Jacket potatoes baked in a clay pot
A clay pot with a lid creates a naturally humid environment which is ideal for slow cooking baked potatoes. This simple method of cooking keeps the potato flesh moist and fluffy and produces a crunchy golden skin.
The potato skin is a rich source of fibre which all too often is discarded because it is dry and burnt. Cooked this way the skins are particularly tasty and in our home are always eaten to the last bite. We don’t wrap the potatoes in aluminium foil; instead we rub them with coconut oil before placing them in the cooking pot. With the lid on, the pot acts like a mini earthenware oven.

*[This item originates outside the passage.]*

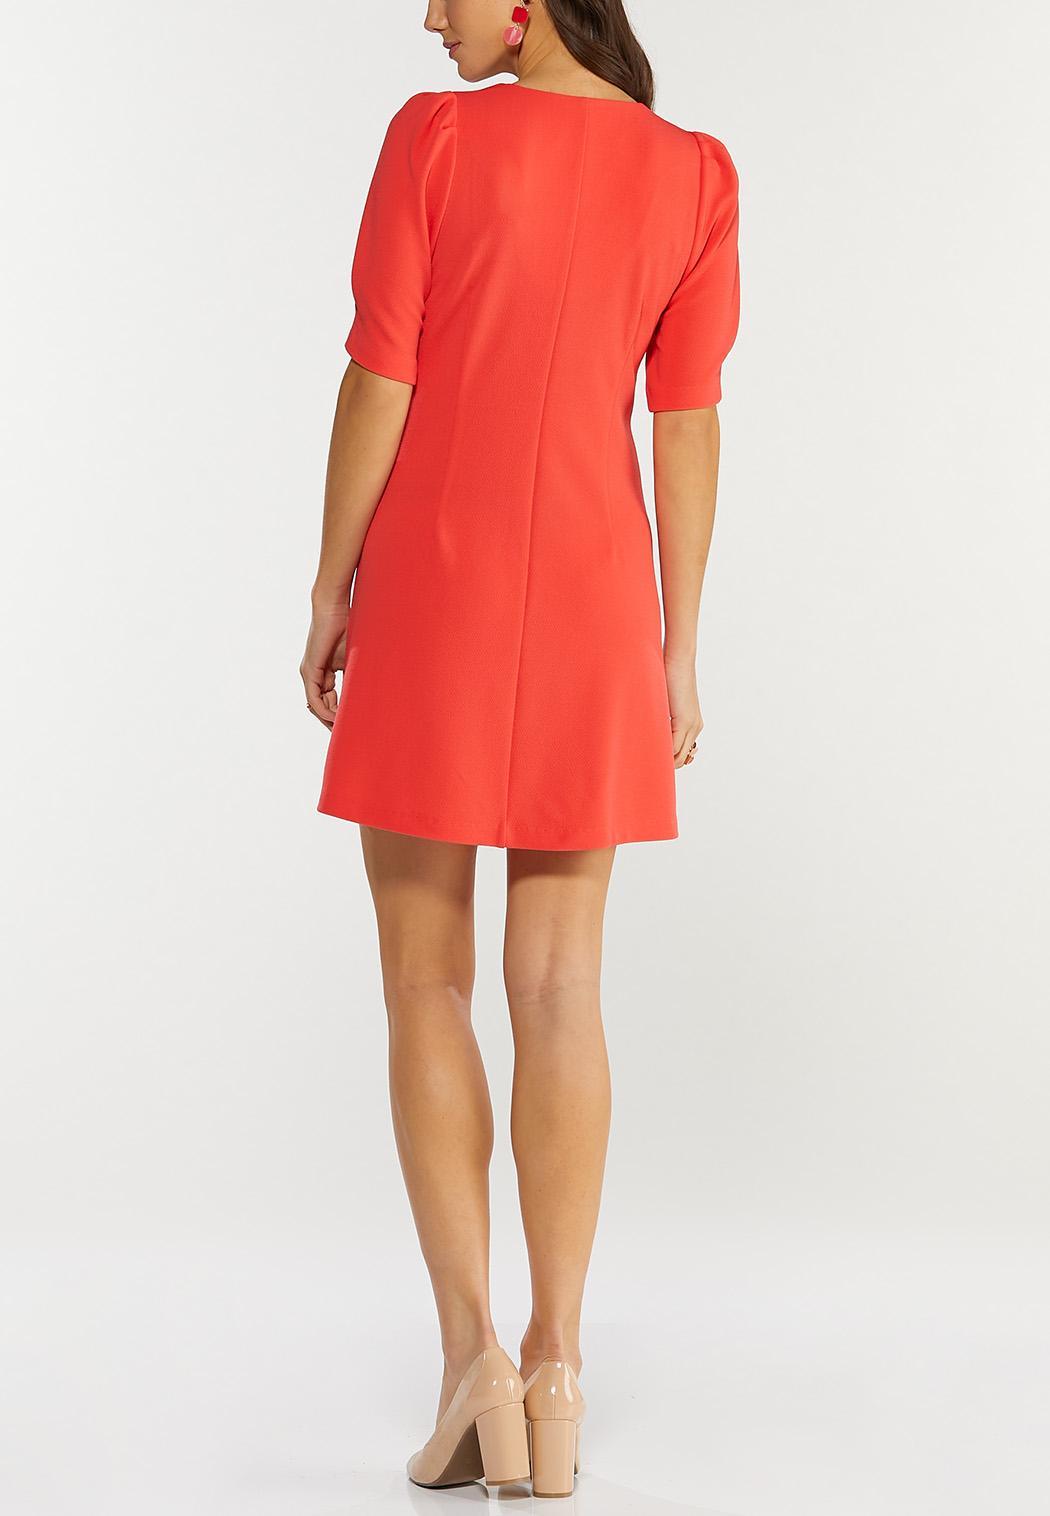 Plus Size Spice Coral Swing Dress (Item #44467322)
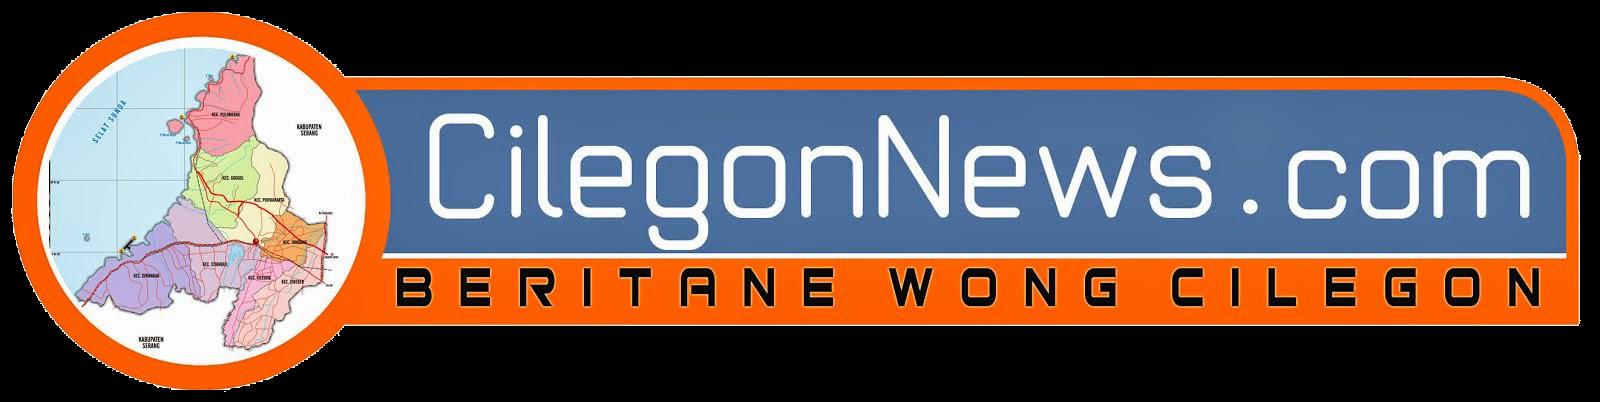 Cilegonnews.com :: Beritane Wong Cilegon

Cooking time: 1h 20 minutes
4 large baking potatoes, or about 1200g
Salt and pepper
Wash the potatoes well making sure they are thoroughly clean. Using a fork, pierce the skin in several places; this will stop the potatoes from bursting open as the potato cooks and the pressure inside increases. Rub each potato with coconut oil and place them inside the pot. Sprinkle sea salt and pepper over the top and cover with the lid.
Bake in the oven for 1h 20 minutes or until the skins are soft and golden brown. There is no need to turn the potatoes over.
Check that the potatoes are ready with a sharp knife or skewer. If it slides in with a little pressure the potatoes are ready.
Place each potato on a plate. With a sharp knife cut a large cross on top to open it up and add a dollop of butter. Season again with salt and pepper if required and add your favourite topping. One of our family’s favourites is chilli con carne.